“Is that what you were looking for?” Emily eyed the scrap. It didn’t seem worth tearing the room apart.
Ysabeau’s answer was clear from the way she handled it. She carefully unfolded it to reveal a five-inch square of thick paper, both sides covered in tiny characters.
“That’s written in some kind of code,” said Sarah. She swung her zebrastriped reading glasses onto her nose from the cord around her neck to get a better look.
“Not a code—Greek.” Ysabeau’s hands trembled as she smoothed the paper flat.
“What does it say?” Sarah asked.
“Sarah!” Emily scolded. “It’s private.”
“It’s from Philippe. He saw them,” Ysabeau breathed, her eyes racing across the text. Her hand went to her mouth, relief vying with disbelief.
Sarah waited for the vampire to finish reading. It took two minutes, which was ninety seconds longer than she would have given anyone else. “Well?”
“They were with him for the holidays. ‘On the morning of the Christians’ holy celebration, I said farewell to your son. He is happy at last, mated to a woman who walks in the footsteps of the goddess and is worthy of his love,’” Ysabeau read aloud.
“Are you sure he means Matthew and Diana?” Emily found the phrasing oddly formal and vague for an exchange between husband and wife.
“Yes. Matthew was always the child we worried over, though his brothers and sisters got into far worse predicaments. My one wish was to see Matthew happy.”
“And the reference to the ‘woman who walks in the footsteps of the goddess’ is pretty clear,” Sarah agreed. “He couldn’t very well give her name and identify Diana as a witch. What if someone else had found it?”
“There is more,” Ysabeau continued. “‘Fate still has the power to surprise us, bright one. I fear there are difficult times ahead for all of us. I will do what I can, in what time remains to me, to ensure your safety and that of our children and grandchildren, those whose blessings we already enjoy and those as yet unborn.’”
Sarah swore. “Unborn, not unmade?”
“Yes,” Ysabeau whispered. “Philippe always chose his words carefully.”
“So he was trying to tell us something about Diana and Matthew.”

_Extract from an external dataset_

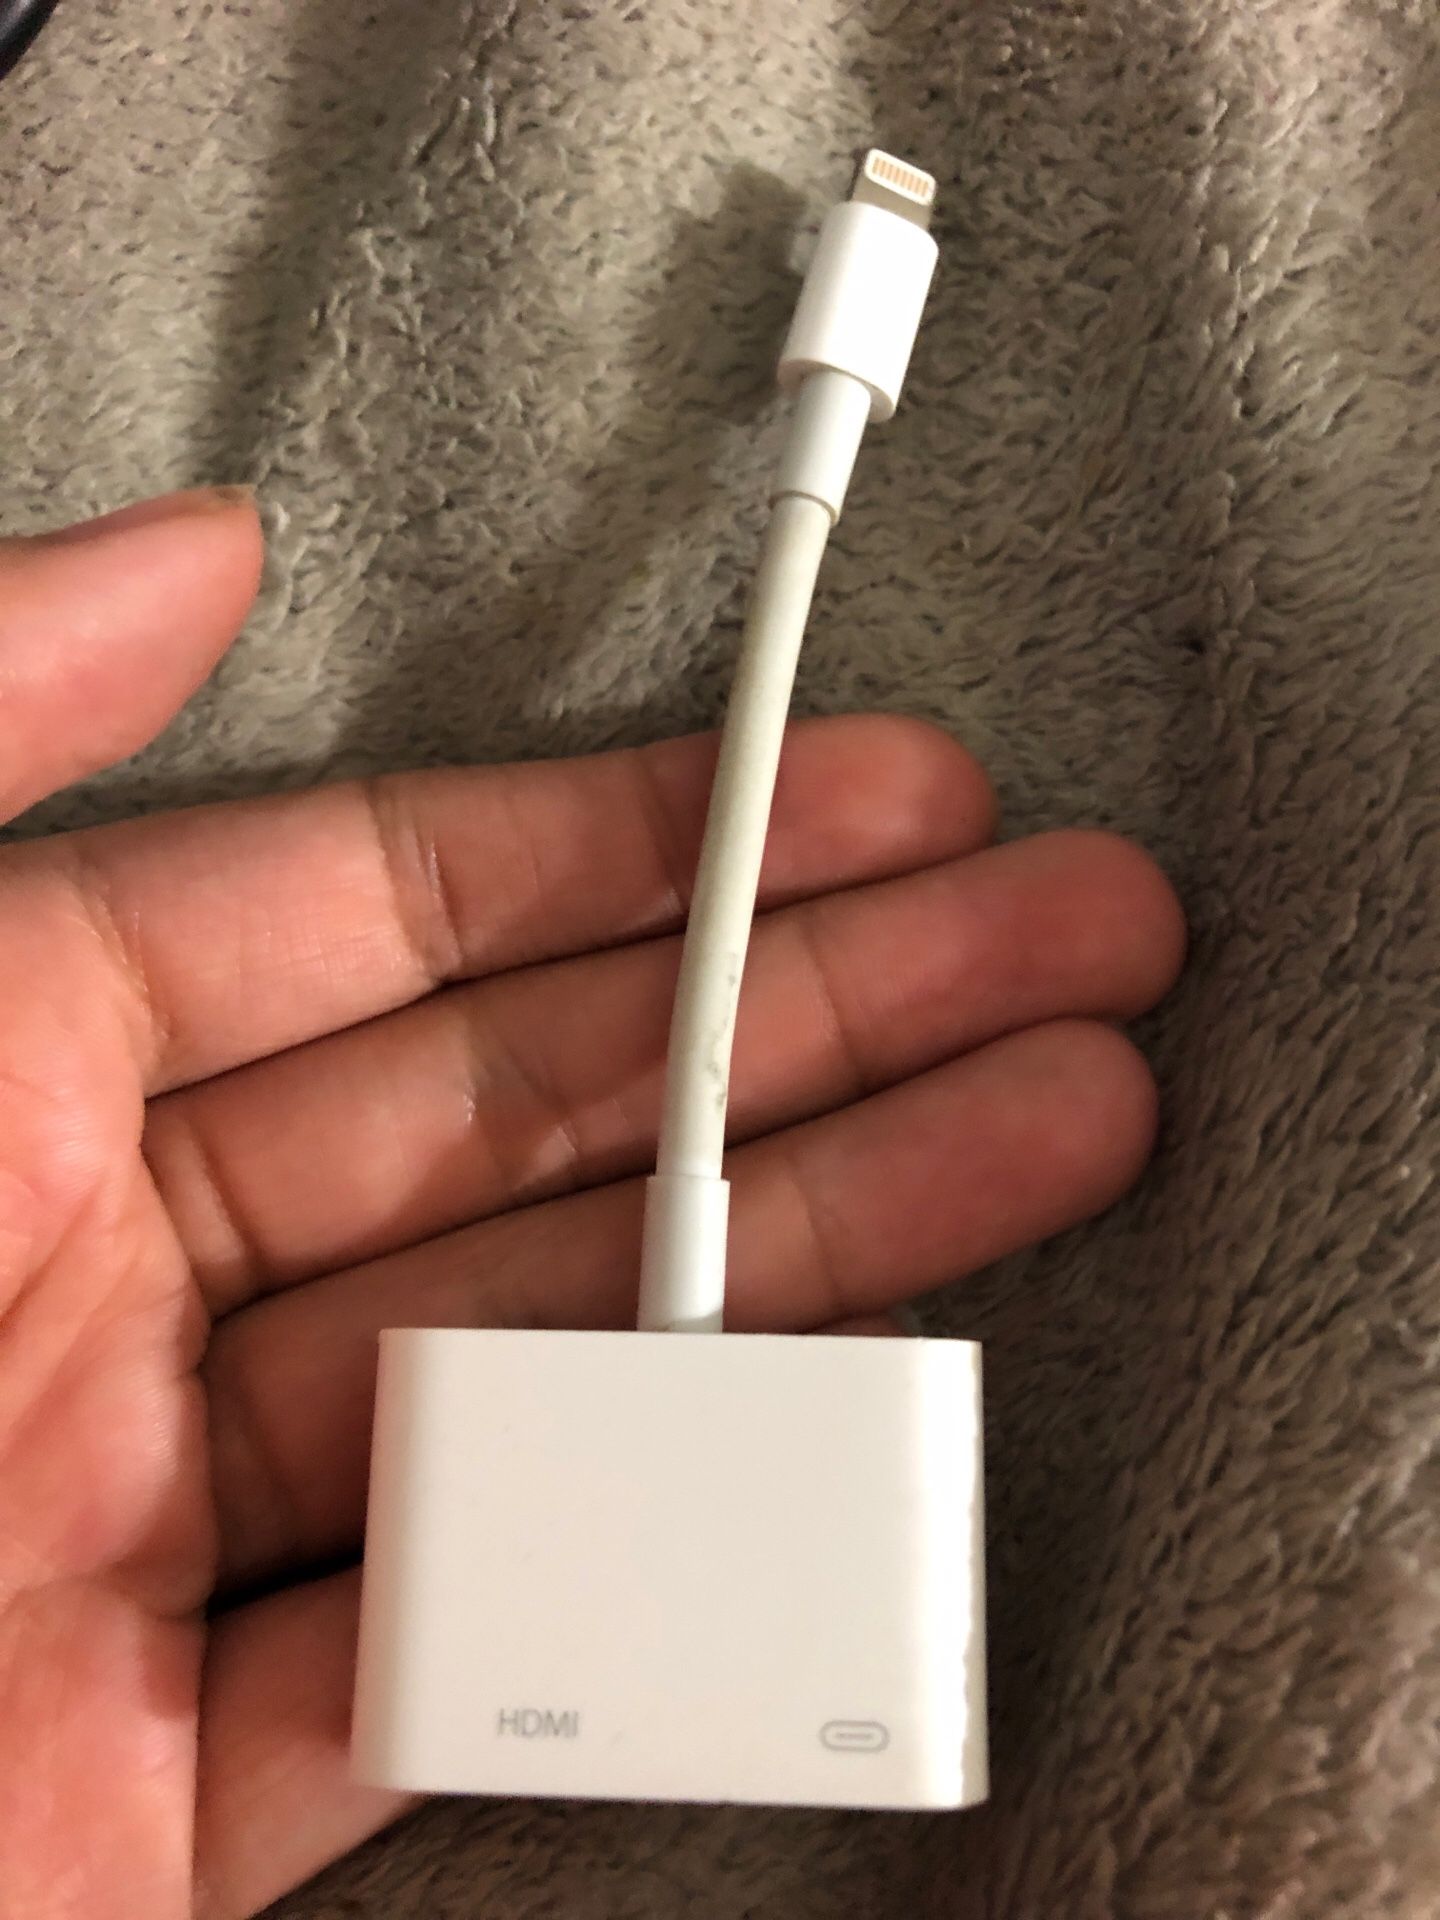 Apple TV Adapter & HDMI Cord

Ysabeau sank onto the sofa. “A long, long time ago, there were rumors about creatures who were different—immortal but powerful, too. Around the time the covenant was first signed, some claimed that a witch gave birth to a baby who wept tears of blood like a vampire. Whenever the child did so, fierce winds blew in from the sea.”

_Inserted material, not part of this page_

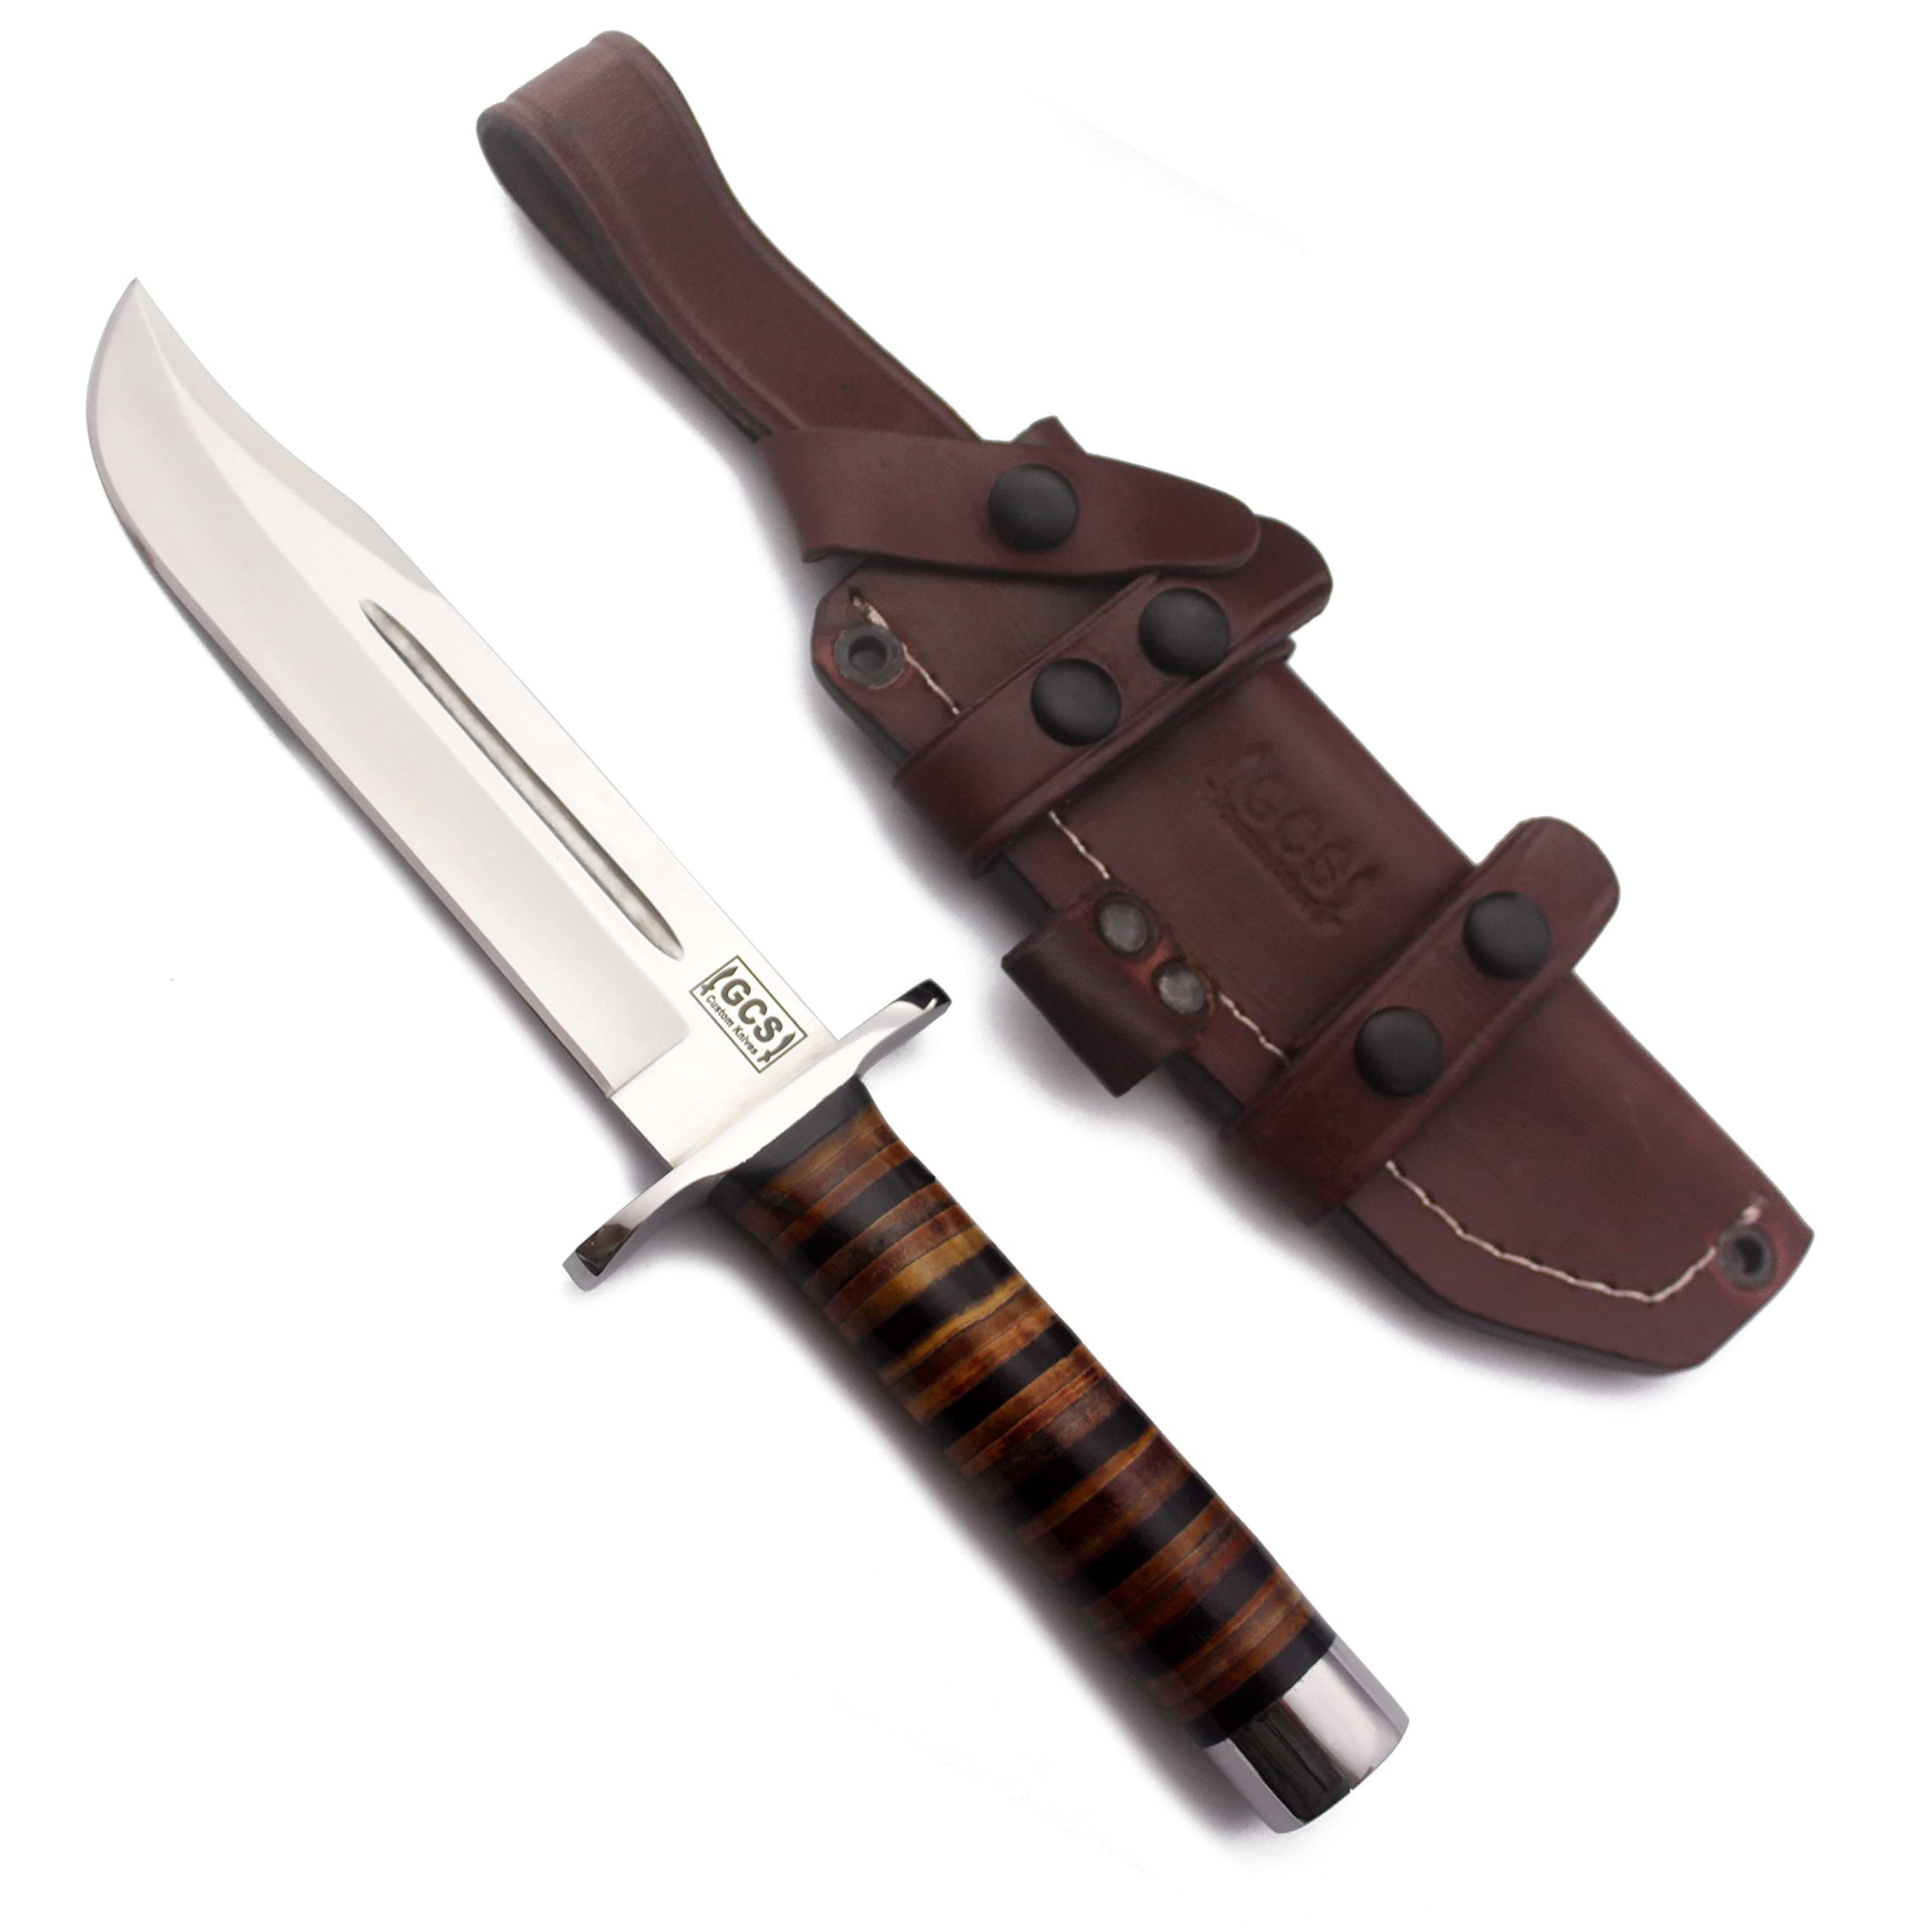 GCS Custom handmade Leather Sheath for Hunting knife Survival

“I’ve never heard that before,” Emily said, frowning.
“It was dismissed as a myth—a story created to engender fear among creatures. Few among us now would remember, and even fewer would believe it possible.” Ysabeau touched the paper in her lap. “But Philippe knew it was true. He held the child, you see, and knew if for what it was.”
“Which was what?” Sarah said, stunned.
“A manjasang born of a witch. The poor child was starving. The witch’s family took the baby boy from her and refused to feed him blood on the grounds that if he was forced to take only milk, it would keep him from turning into one of us.”

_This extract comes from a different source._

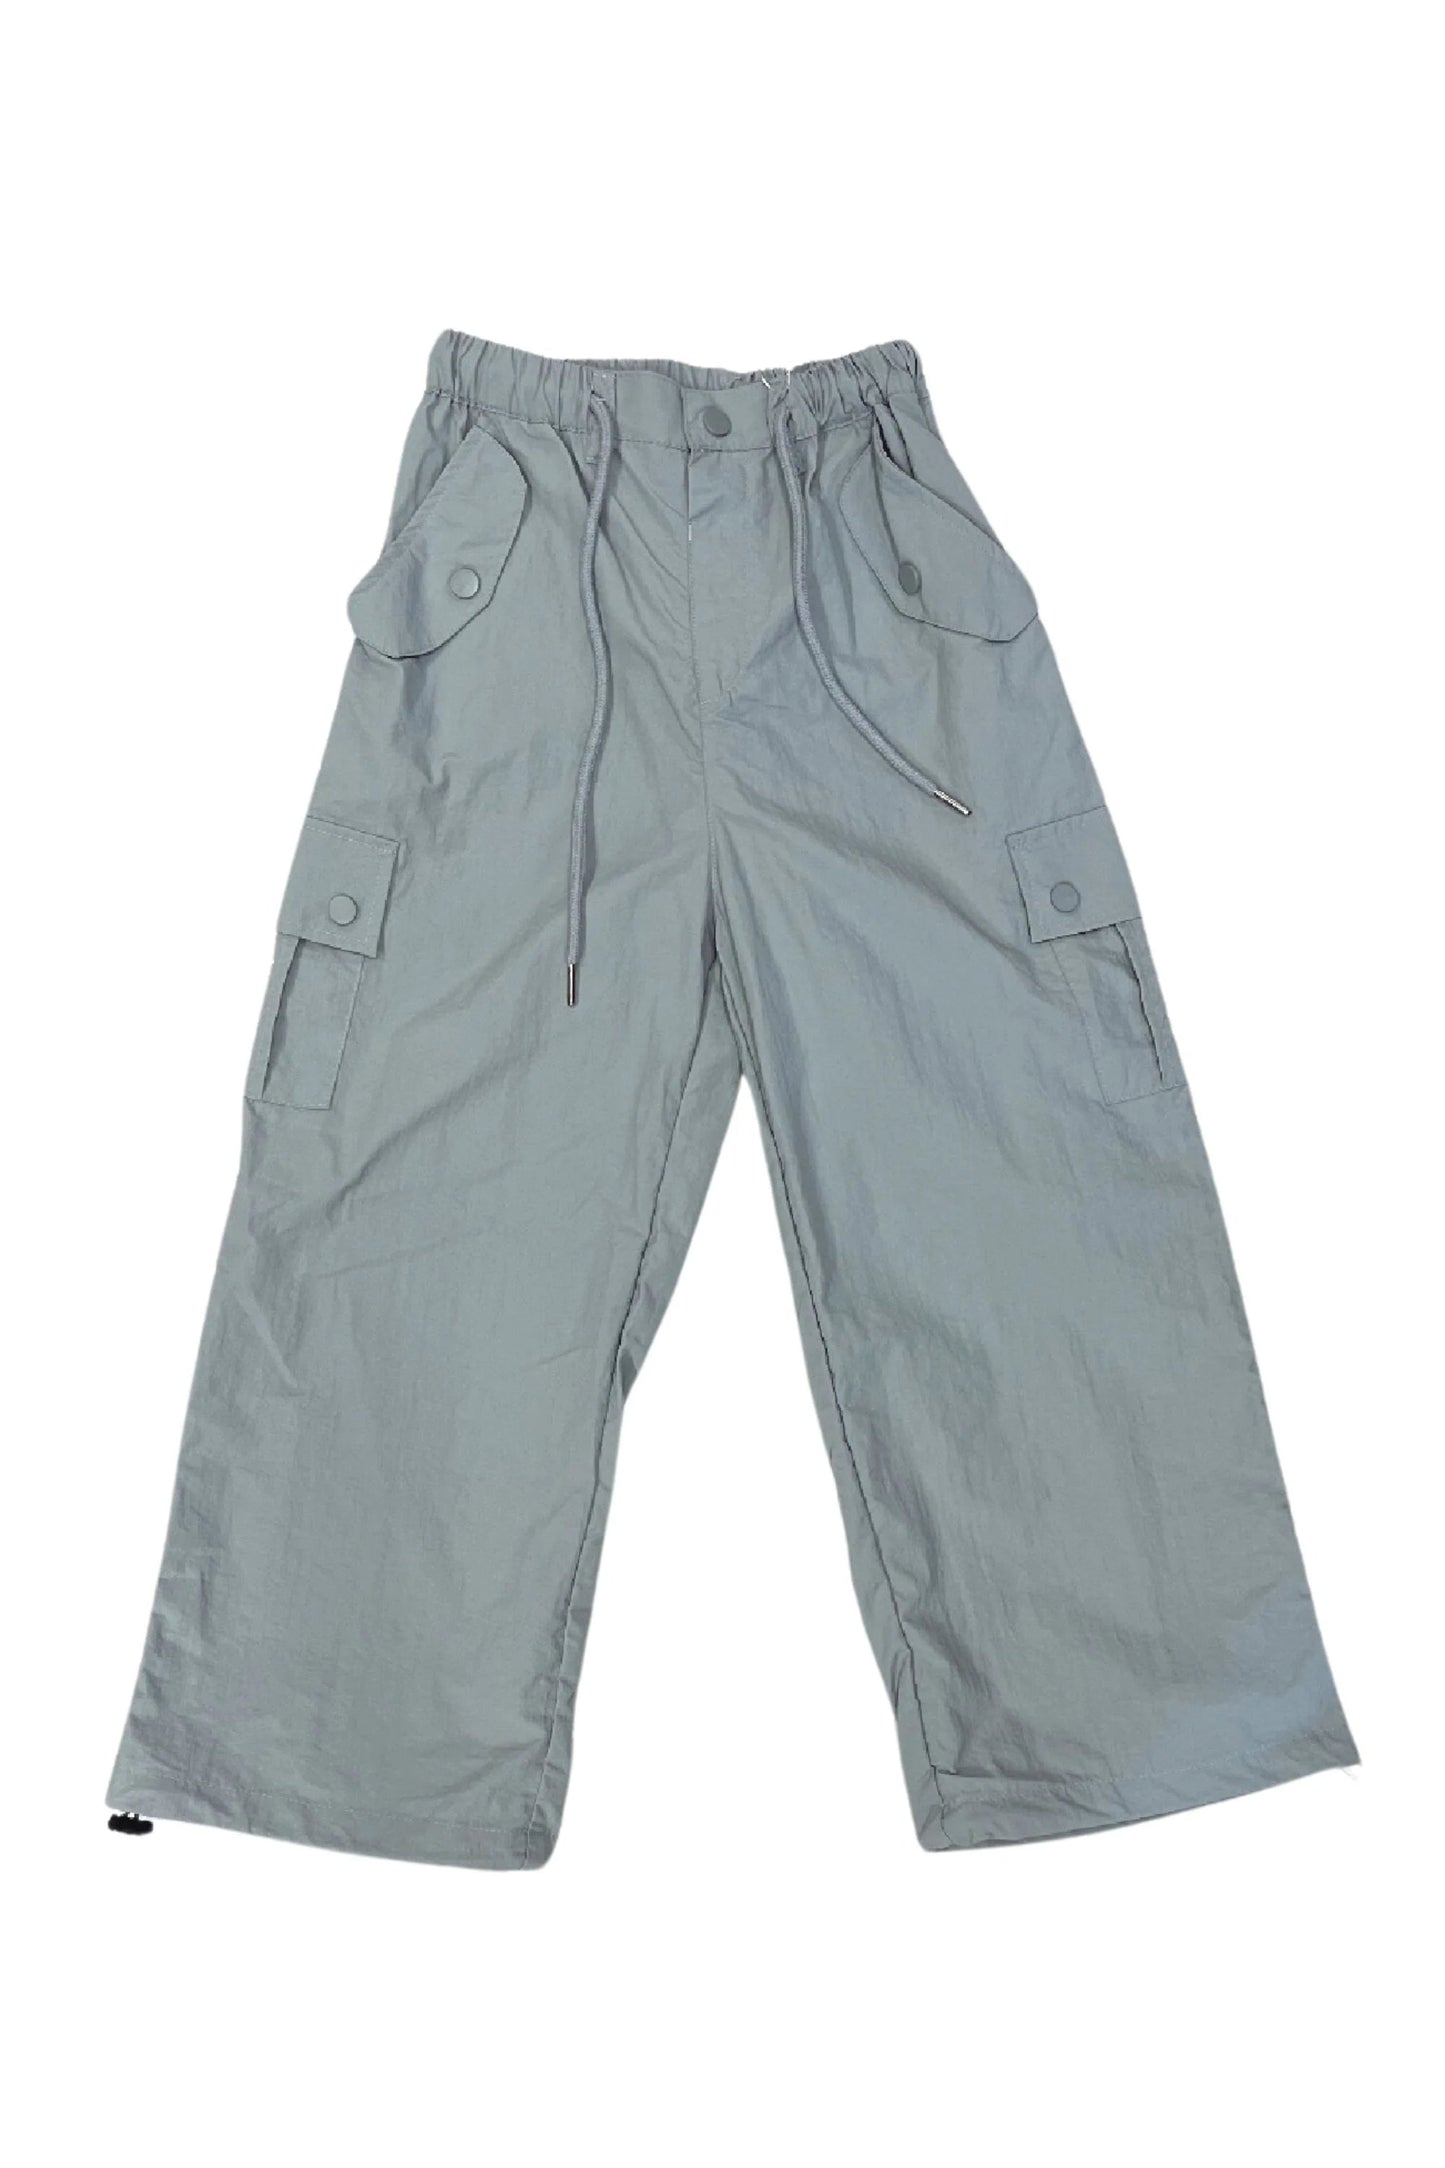 Grey Parachute Cargo Pants 160 GIRLS APPAREL TWEEN 7-16 Tractr 7

“Surely Matthew knows this story,” Emily said. “You would have told him for his research, if not for Diana’s sake.”
Ysabeau shook her head. “It was not my tale to tell.”
“You and your secrets,” Sarah said bitterly.
“And what of your secrets, Sarah?” Ysabeau cried. “Do you really believe that the witches—creatures like Satu and Peter Knox—know nothing about this manjasang child and its mother?”
“Stop it, both of you,” Emily said sharply. “If the story is true, and other creatures know it, then Diana is in grave danger. So is Sophie.”
“Her parents were both witches, but she is a daemon,” Sarah said, thinking of the young couple who had appeared on her doorstep in New York days before Halloween. No one understood how the two daemons fit into this mystery.
“So is Sophie’s husband, but their daughter will be a witch. She and Nathaniel are further proof that we don’t understand how witches, daemons, and vampires reproduce and pass their abilities on to their children,” Emily said, worried.
“Sophie and Nathaniel aren’t the only creatures who need to stay clear of the Congregation. So do Diana and Matthew. It’s a good thing they’re safely in the past and not here.” Sarah was grim.